Even before the current economic crisis, Litan says, the law-and-economics movement needed a shot of adrenaline for at least two reasons. The first was age: the school, after all, got rolling in the late 1940s at the University of Chicago. “Like all revolutions when they mature,” observes Litan, “they change. They hit sort of a wall. What’s happened to law and economics is . . . that it’s become incredibly mathematical, very niche, highly theoretical, and difficult to understand.”

Secondly, he explains, the movement has not only lost its momentum, it’s lost its funding. Since at least the early 1970s, the law-and-economics school had been able to purchase premium shelf-space in the marketplace of ideas thanks to generous funding from two (politically conservative) foundations: in its early days, the Liberty Fund, and, later, The John M. Olin Foundation. But the latter group disbanded in late 2005, having spent down its corpus in accordance with its benefactor’s direction that his bequest be entirely used up within a generation.

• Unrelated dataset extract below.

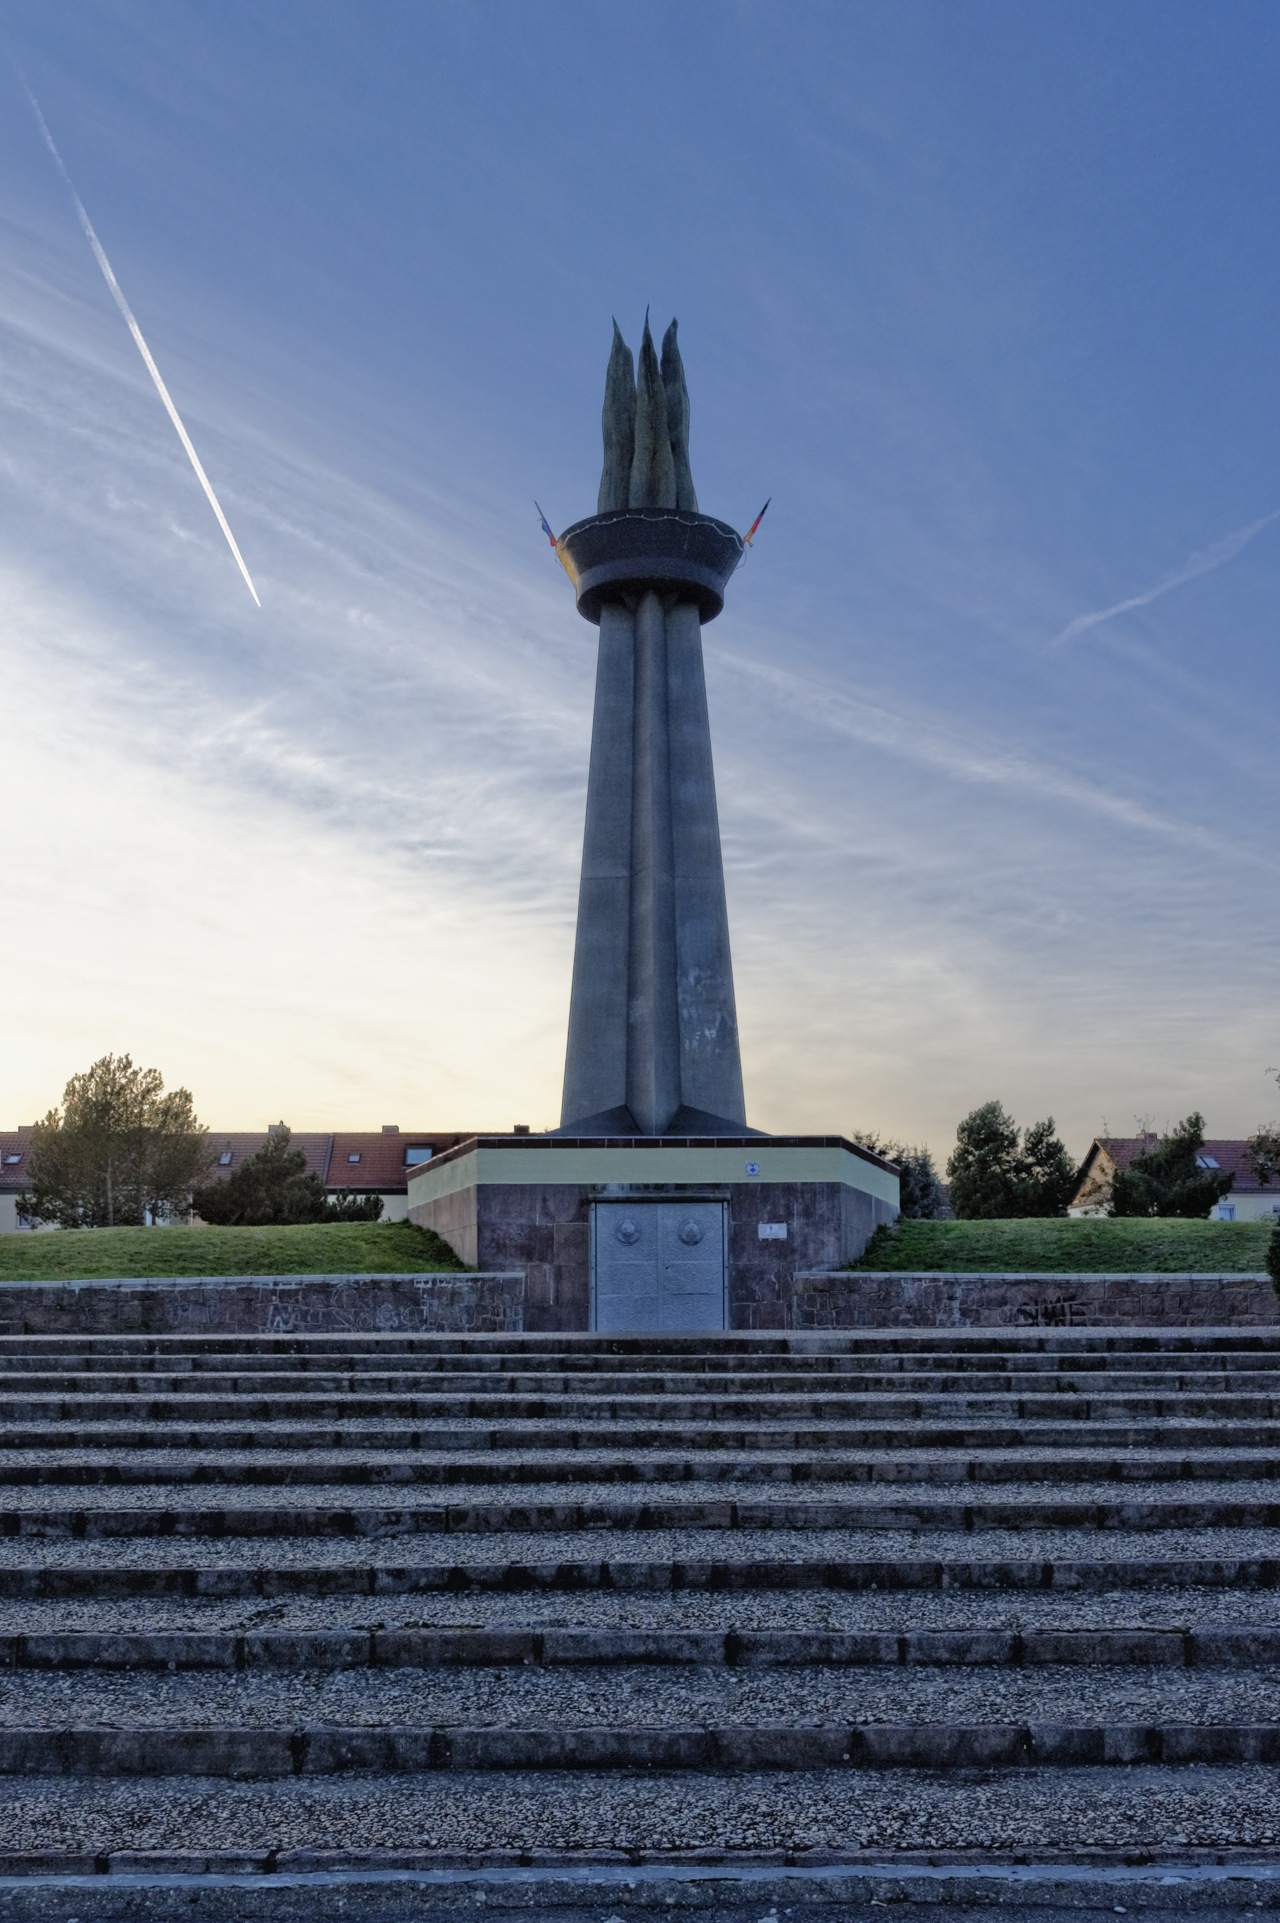 Blaue Stunde am Obelisk Flamme der Freundschaft in Hettstedt. NIKON D700 und AF-S NIKKOR 24-120 mm 1:4G ED VR.
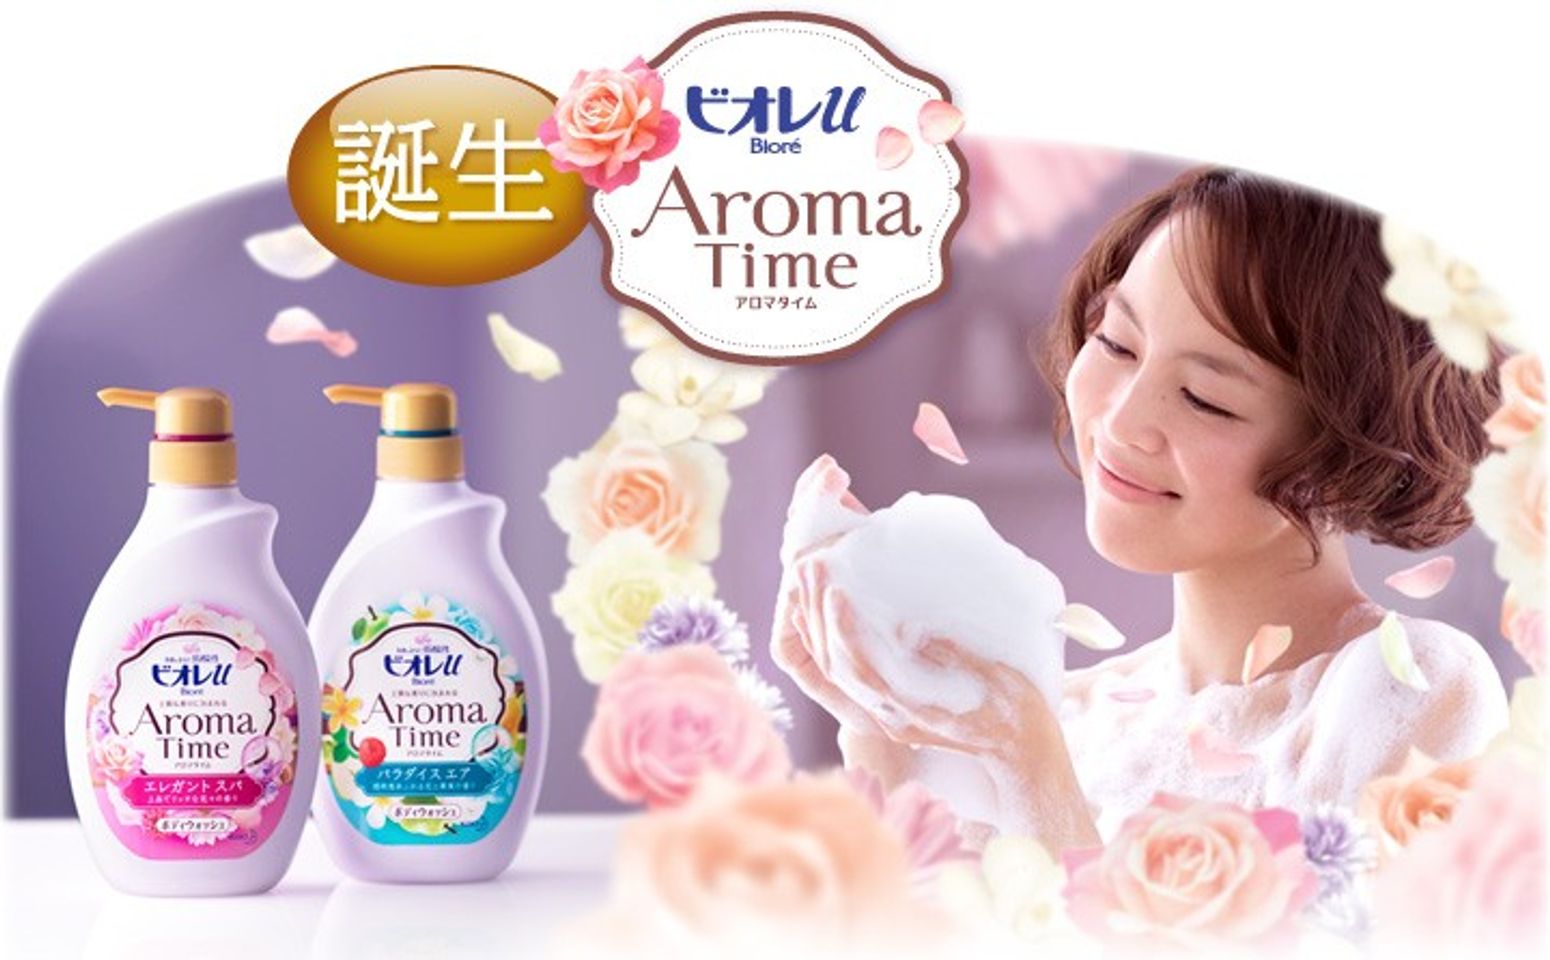 Sữa tắm Kao Aroma Time chiết xuất từ hoa cỏ thiên nhiên và trái cây

“So what better time for another foundation to come along,” asks Litan, to not only pick up the slack, but “to try to torque the movement away from static efficiency to growth.”

How does the current economic collapse — and its implicit lesson that over-reliance on market mechanisms have led us to disaster — affect his and Kauffman’s plans?

“Ironically,” he responds, “it may be an even bigger deal now that economy is collapsing. We are now about to have a huge national debate on the role of markets and regulation … and how much are we going to roll back from the market-oriented philosophy in which a lot of law-and-economics participated. … From our viewpoint we’re hopeful that whatever repairs we make in the economic system, we don’t kill off risk-taking and entrepreneurial drive, because that’s what we need for growth.”

The foundation’s initial $10 million investment will include a $2.8 million grant for researchers to examine the impact of law and regulation on growth at eight top law schools, including Yale, Harvard, Stanford, Columbia, Northwestern, Boston University, George Washington, and the University of Iowa. Another $2.8 million will go the Harvard’s Berkman Center for Internet and Society; and $2.2 million more to fund research by young assistant professors at law schools, to be called Kauffman Legal Research Fellows. The rest will be used to fund seminars at law schools , and to fund the new Stanford Intellectual Property Litigation Clearinghouse, which launched Monday, and is being run by professors Mark A. Lemley and Joshua Walker.

Litan’s role model here, he acknowledges, is Henry Manne, a dean emeritus at George Mason University School of Law in Arlington, Vir., who was law-and-economics’ chief proselytizer and salesman. Beginning in the early 1970s, Manne set up seminars for influential professors, followed by seminars for federal judges, followed by, eventually, law-and-economics centers at many prominent law schools, typically with backing from either the Liberty Fund or Olin Foundations.

Manne has written a very engaging history of this missionary work, entitled “How Law and Economics was Marketed in a Hostile World: A Very Personal History.” In it, Manne notes that in the early 1970s, when he was first trying to attract top law professors to a summer program in economics he was launching, “we paid everyone the then princely sum of $1000, plus all expenses and some very fancy meals.”

Now there’s some economics we can all understand.

[Correction: The original version of this post inadvertently omitted to mention Northwestern University Law School from the list of schools where researchers will be receiving Kauffman grants. Regret the error.]